1. A return to the natural laws of social life will be sufficient to reverse this disastrous movement. It was the profit of industrial capitalism that demanded the rural exodus, urban concentration, intensified transport networks and the transfer of entire populations. Socialist claims merely accelerated the progress of this system by reducing the individual costs of collective life; allowances were granted to salaried workers, subsidies were given to industry, and the State underwrote the senseless increase in “ collective costs ”. It is well known that the “ induced effects ” of urban concentration in today’s great cities have reached an unacceptable and irrational level.
In the end, it is the province that began to pay for the capital, those who do not count in modern life who pay for its happy beneficiaries. This system is condemned by both morality and economics. Today, however, the structural deficits that recurrent economic crises have deepened, condemn this system even more surely!

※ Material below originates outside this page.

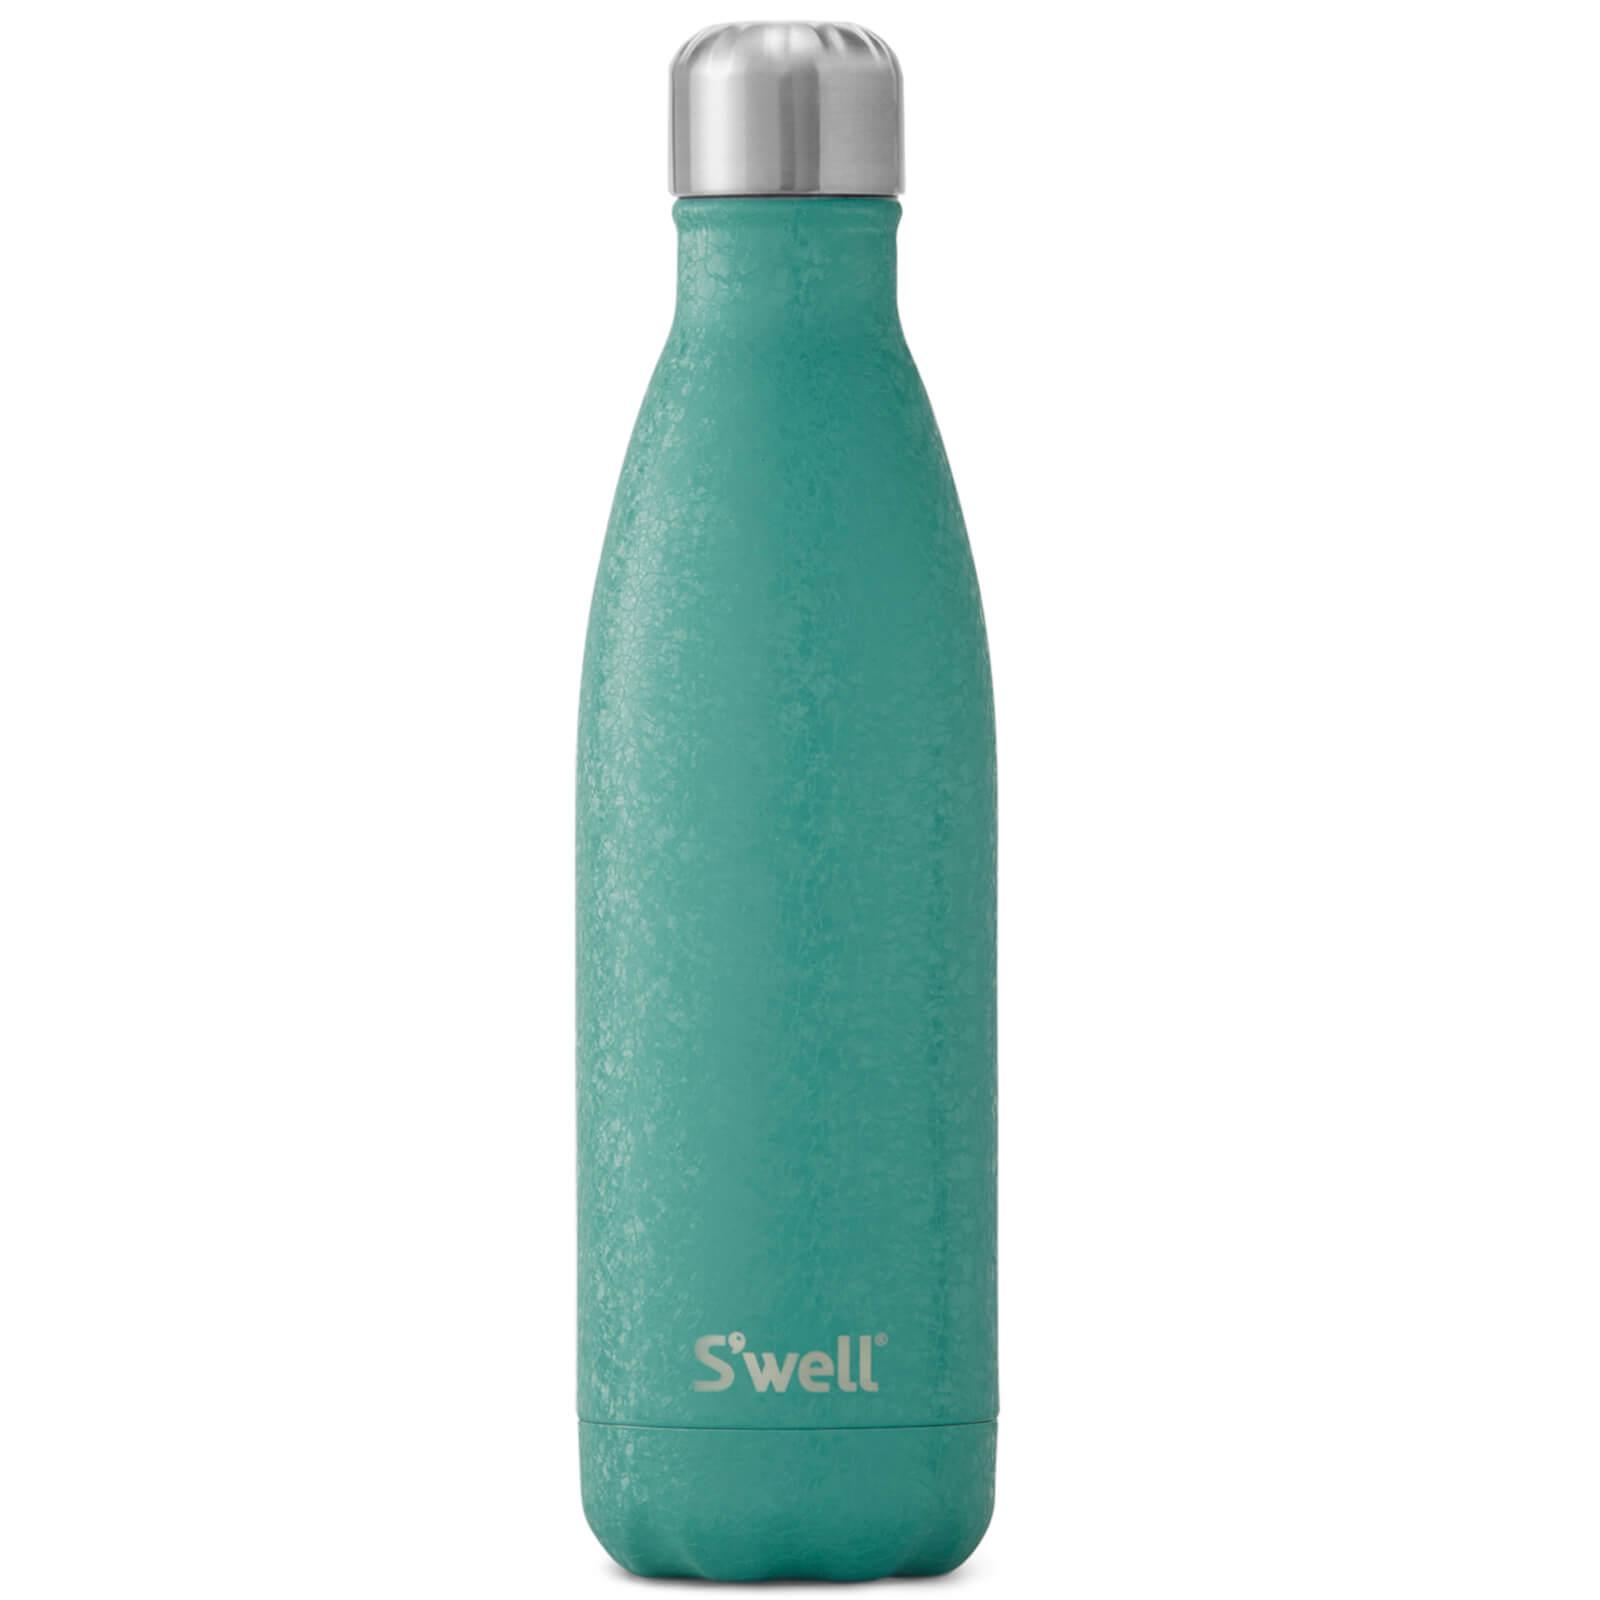 S'well Carbon Montana Blue Water Bottle - 500ml

2. The reversal of this tendency, which must be radical in theory, will have to be done at a carefully studied slow rhythm, so as not to be catastrophic. A strong national authority alone will be able to bring this reversal to a successful conclusion over a long period, in particular by means of a long-term fiscal policy. It will consist in:
– attaining a fairer sharing out of public costs among regions by gradually reducing State subsidies, allowances, fare reductions, and by tax relief, all too widely granted in the cities.
– limiting the aid of the state authorities for transferring industries, and for going back to the land in order to lighten administrative machinery. Local initiatives, however, will be encouraged as soon as they are sponsored by associations that are already recognised, so that the assistance may effectively benefit those whom they were intended to help, thus contributing to the common good of the region.
3. Restoring the inequality of living conditions, in a realistic and positive psychological climate: as government expenditure decreases, the national taxes will accordingly be reduced. It will be local and regional taxes, however, that will have to assume the essential of the expenditures for infrastructures, even if the State reserves the possibility to intervene with specific aids. Obviously, disparities will result in the direct or indirect tax burden according to regions in proportion to their inequality of development.
This disparity will seem a sufficient incentive to the free and proud native populations, who reside in the poorest regions, to live there in their preferred austerity. It will also act as an enthusiastic incentive for the entrepreneurs willing to risk independence and poverty, and capable of repopulating these regions within a few years.
If no one answers this call, then once again the monks will be there to make the French desert blossom anew!